So when does your week really start and end? Why ask this? Because it’s a key to getting things done, and it’s best illustrated with two stories.

  • I use Scrum-style personal time management. Part of that is having Sprints, similarly-sized periods of work you plan and have reguarly. I used to use a month-long Sprint, moved to two weeks, then moved to a week as my life had gotten more variable. Originally my “sprint weeks” started on Sunday and ended on Saturday – which ruined my weekend. Now my “real” week is Monday to Sunday.
  • I’ve worked with development teams who use Scrum, and their Sprints are two weeks long. Despite having the usual workweek, their Sprints start on a Wednesday and end on a Tuesday. Why? Because Wednesday worked better, since no one wants to do elaborate planning Monday or Friday, and Tuesday and Thursday were basically Monday and Friday Junior. Wednesday was perfect (and worked really well).

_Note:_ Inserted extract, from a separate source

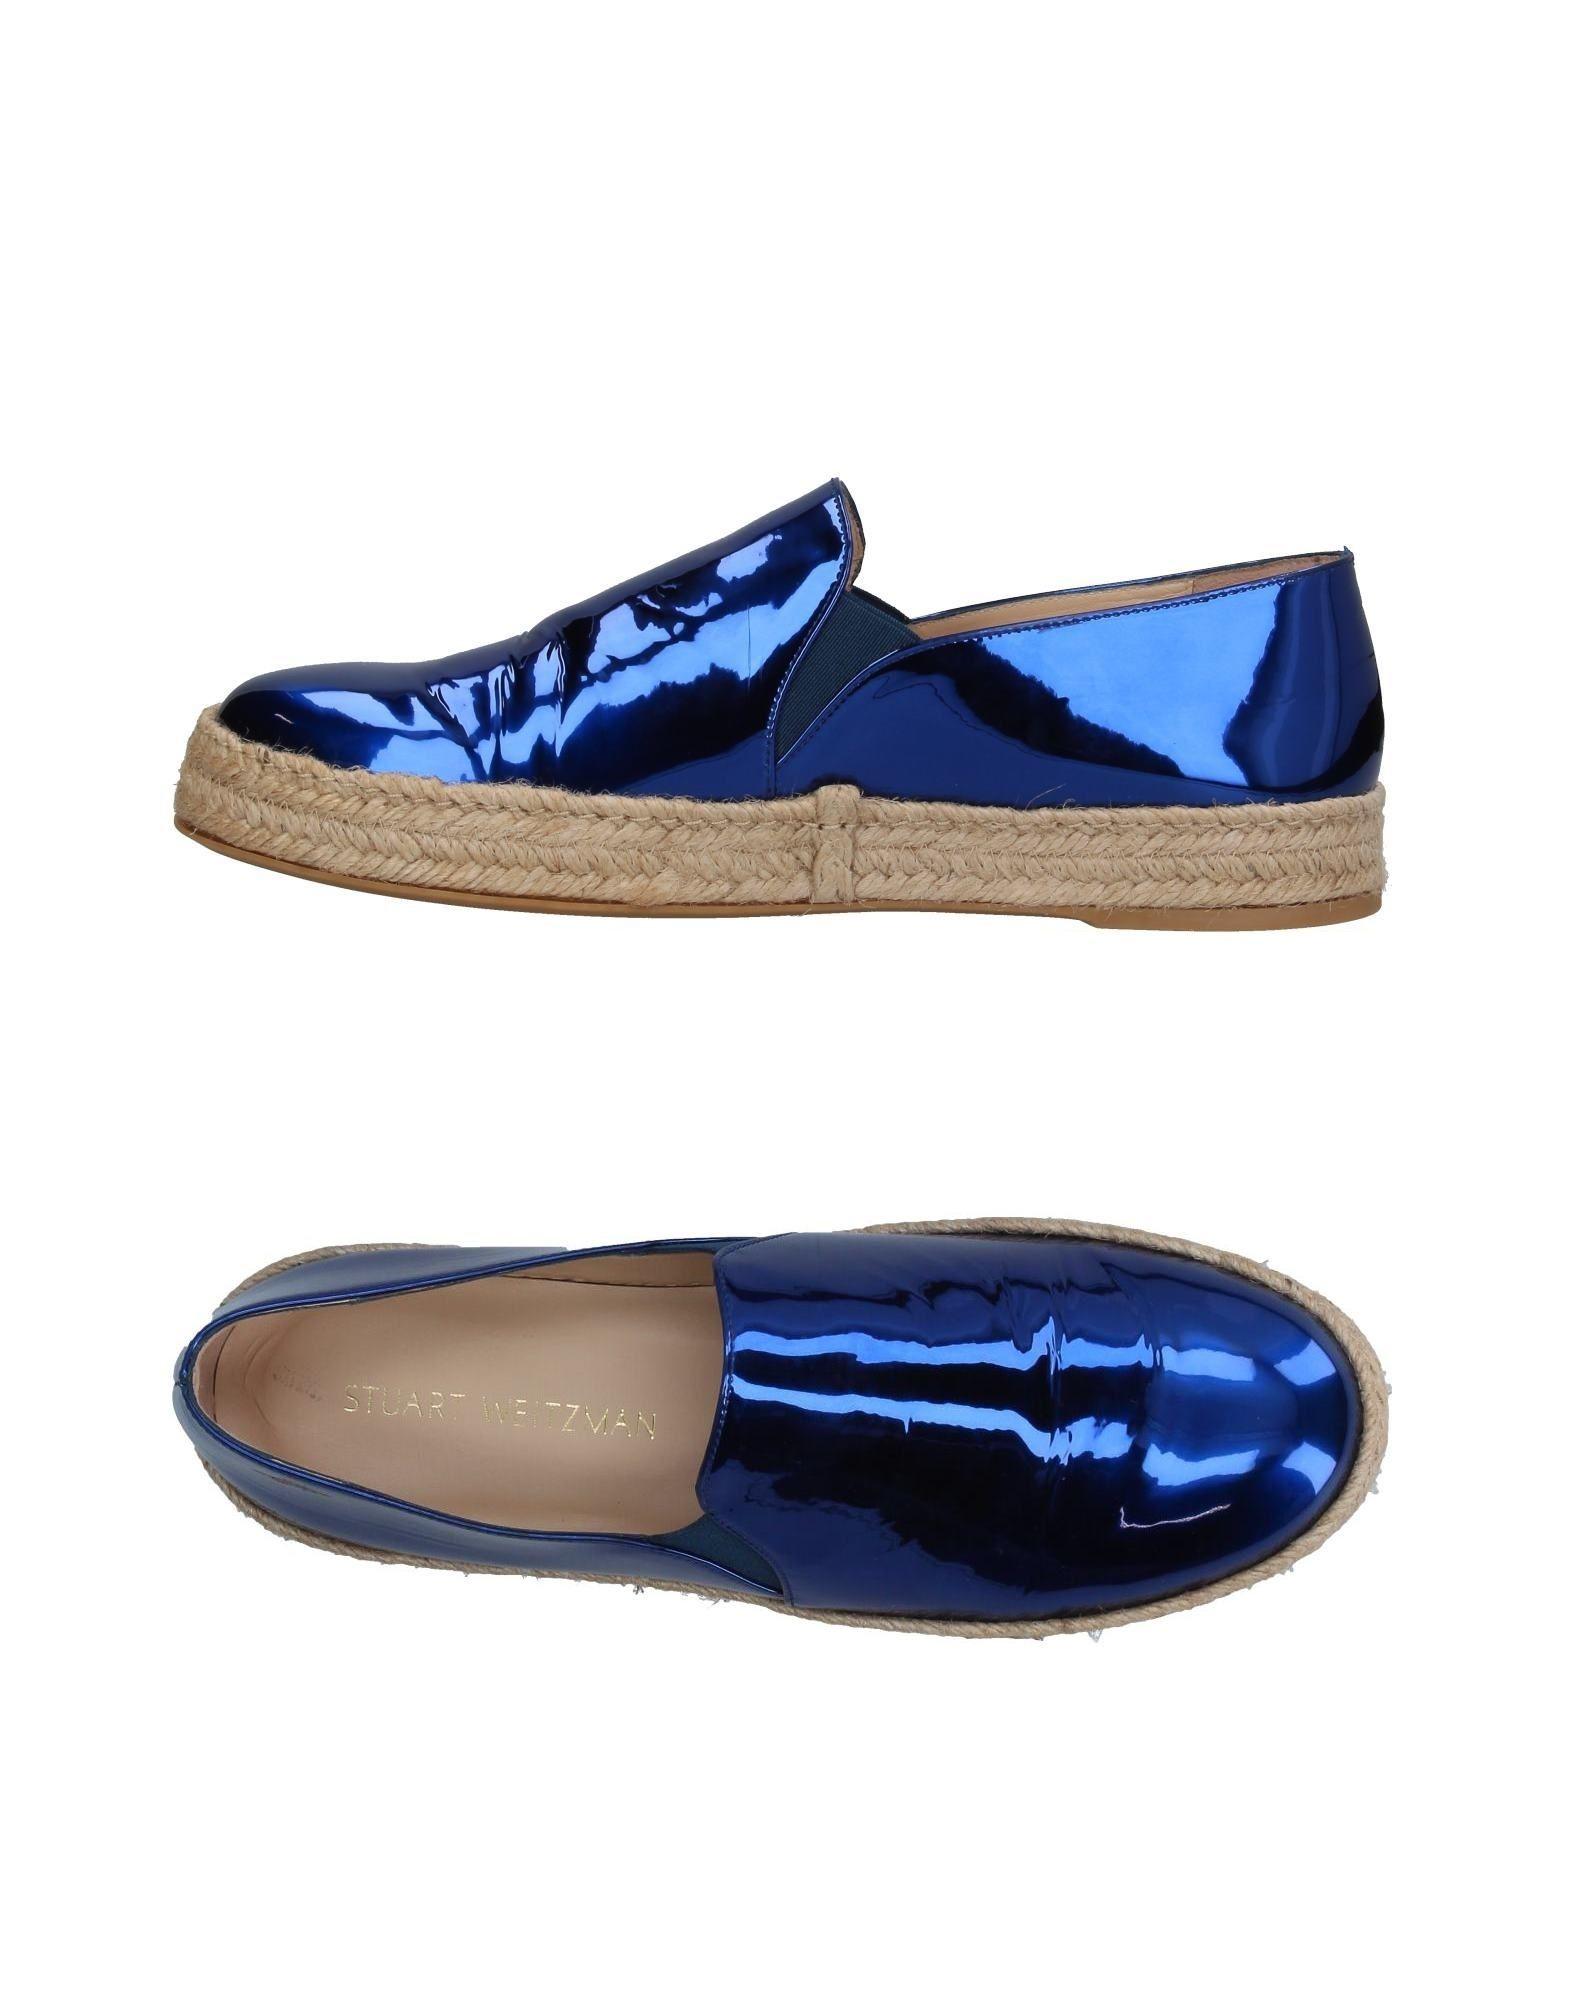 Stuart Weitzman Sneakers Damen  11360338MPGut aussehende strapazierfähige Schuhe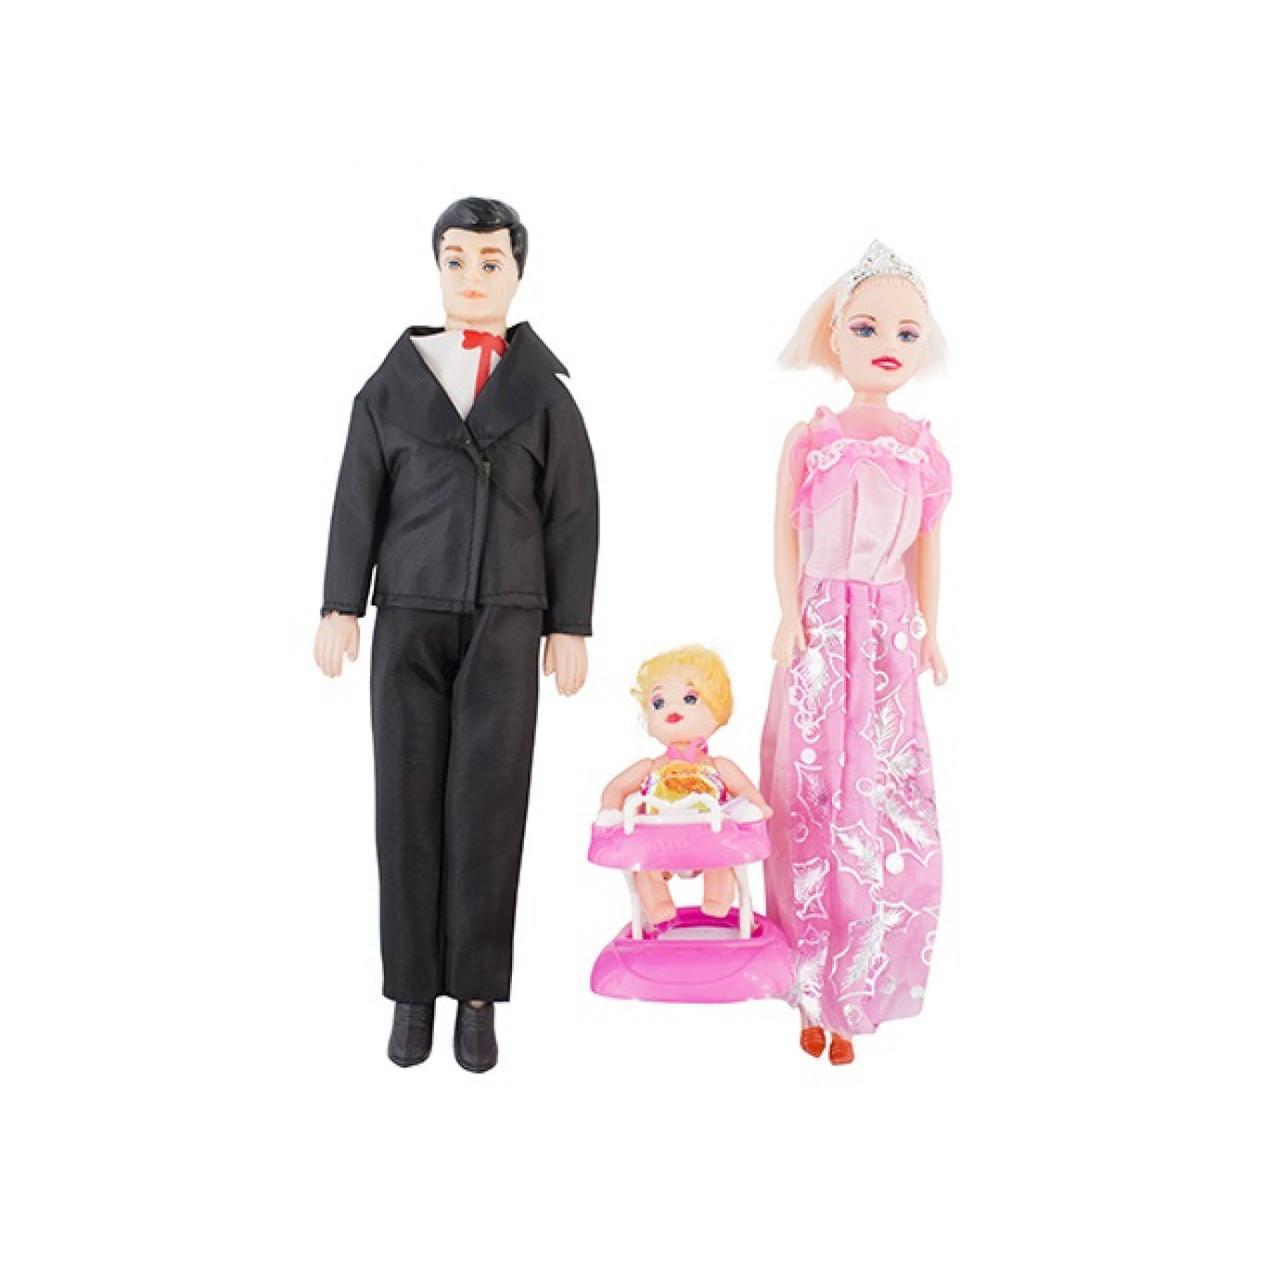 Набір ляльок Сім'я Барбі 2 дорослих і дитина, ходунки, 30см, 2 види 189

So look at the way you plan your work for the week. What day is really the best day to end your week and make sure things are done? What day is really the best day to start your week and make sure you know what to accomplish. Your answer isn’t necessary going to be mine or anyone else you know’s – it’ll be yours.

The best day to end your week is one where you can catch up, round up, and plan for the next week. That could be a quiet Friday each week, or a raucous Monday when you figure out where you are after the previous week.

The best day to start your week is one where you can dive in and get going, knowing where you are and what is ahead of you. Maybe that’s a Wednesday, a hump-day where everything is clear and you can get energized. Maybe it’s a Saturday, and your “real” week starts with the weekend to relax.

But there’s more. Consider the other ways you can apply this “best time”:

Daily. What times of day do you work best? Are you a morning person? Evening person?

Monthly. What’s the best day of a week or a month to look at long-term plans?

Yearly. What month in a year is good to assess your big picture goals? Or to take a break from your elaborate plans.

Either way, start by looking at your week, your own personal week, and asking when it really ends and begins – in a way that’s best for you. With that knowledge, you can rethink your whole plans – and like me, you might be surprised.